Making a variable the value of multiple other variables and words

I want to say that variable A is TEMP:((float)DHT11,2) and HUM:((float)DHT11,1)

Is this possible?

Do you mean the logical AND or just 'both values'?

A variable can only be one value at a time, same as you can only be in one place at once.

What are you trying to do?

I think the keyword you are looking for is "struct" or possibly "union".

marco_c:
Do you mean the logical AND or just 'both values'?

A variable can only be one value at a time, same as you can only be in one place at once.

What are you trying to do?

In Ruby or shell scripting as well as other languages i can do this:
TIME="9:00 PM"
DATE=`date
varA="Time:$TIME and Date: $DATE"
echo $varA

That would return: Time: 9:00 PM and Date: 5/15/2012

I am trying to use the tweet library to tweet two readings from my DHT11 sensor. The first being temp and the second being humidity

In the example it uses : twitter.post(msg) to send the message to twitter.
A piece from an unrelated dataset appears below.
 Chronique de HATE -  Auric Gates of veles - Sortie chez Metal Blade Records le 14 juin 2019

Above that msg is decalred as

char msg[] "This is an arduino"

I want to set msg to several items, almost like building a sentence and post the completed sentence.
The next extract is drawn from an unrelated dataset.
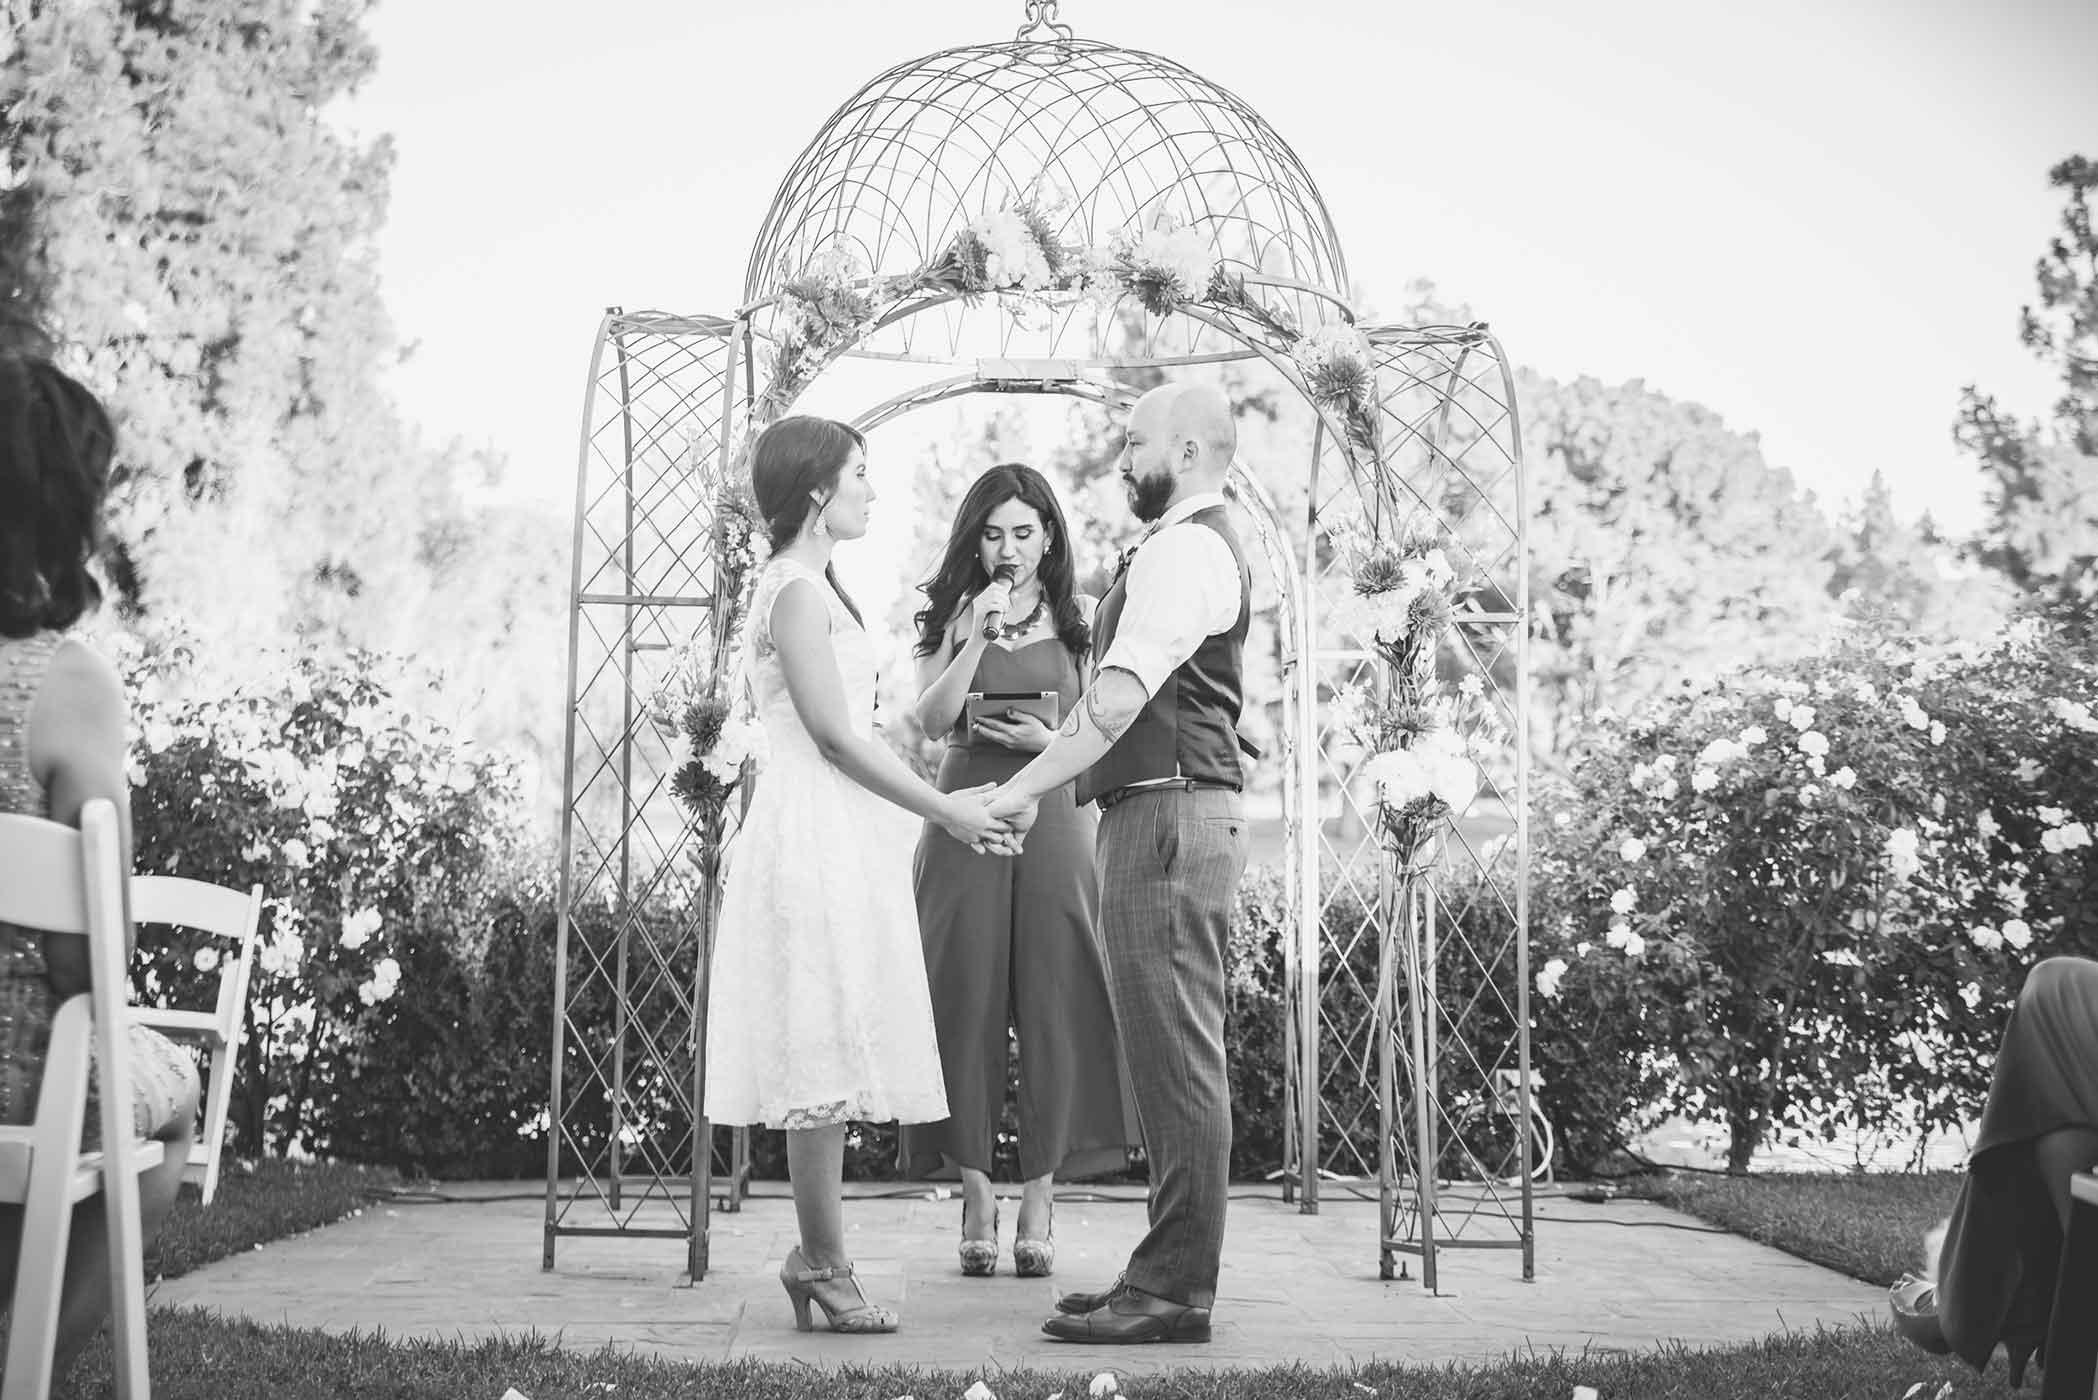 smlNahal-+-Joe-Wedding---Aug-2015-99.jpg

What I see in the library is the same I see in the web client example, they are using multiple clint.print statements to formulate the full url to post the twit, one of the client.print has the value of strlength(msg)
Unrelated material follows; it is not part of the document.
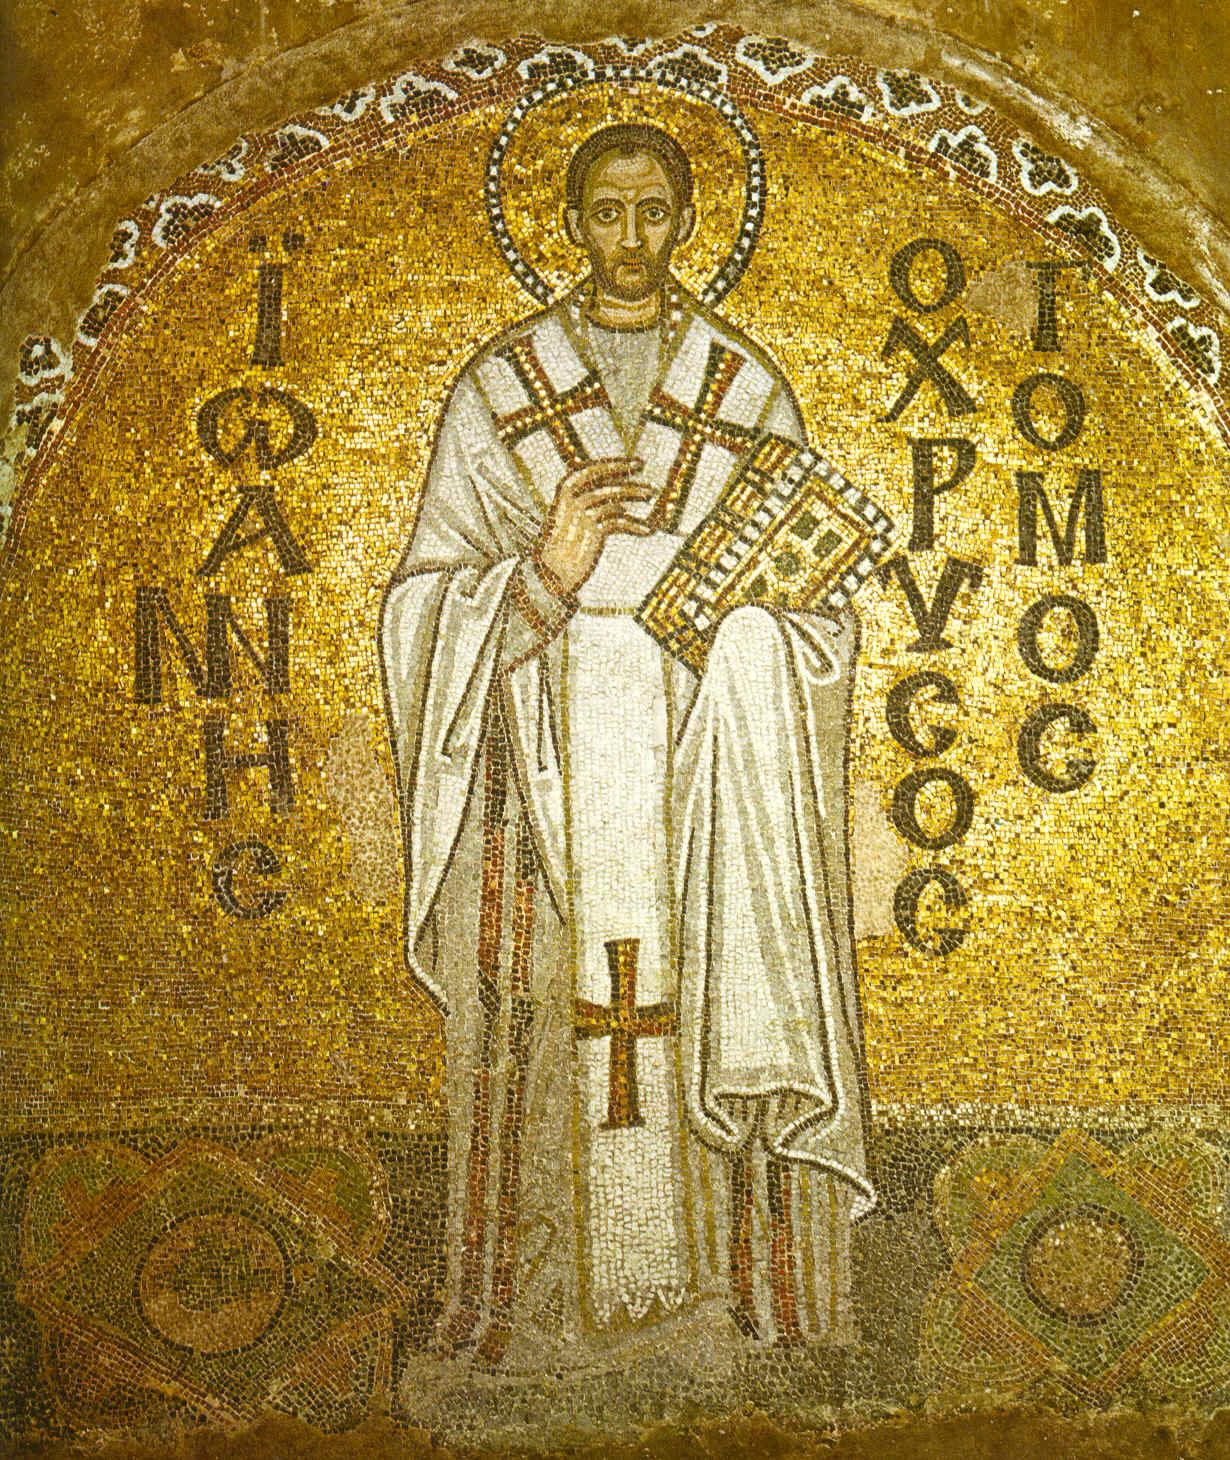 Ο άγιος Ιωάννης ο Χρυσόστομος. Ψηφιδωτό στην Αγία Σοφία στην Πόλη μας.

I will google arduino struct and union today to see if those will help solve this as well.

Thanks

If you search the forum for twitter, you will find examples of others doing this.

I will google arduino struct and union

Just google "C/C++ struct" or "C/C++ union".

I think what you really want to do is to concatenate strings and variables. There is an example here:

If you're just trying to create a string with some text and the values of your variables in it, you could normally use sprintf. Note though that the version of sprintf that the IDE uses does not support floats. You can use dtostrf to get each float into a string and then use sprintf with some %s parameters to build your final output.

wildbill:
If you're just trying to create a string with some text and the values of your variables in it, you could normally use sprintf. Note though that the version of sprintf that the IDE uses does not support floats. You can use dtostrf to get each float into a string and then use sprintf with some %s parameters to build your final output.

Wildbill

Thanks for that info I started to look at that last night though still a bit stuck on it. I will also check out the other suggestions posted.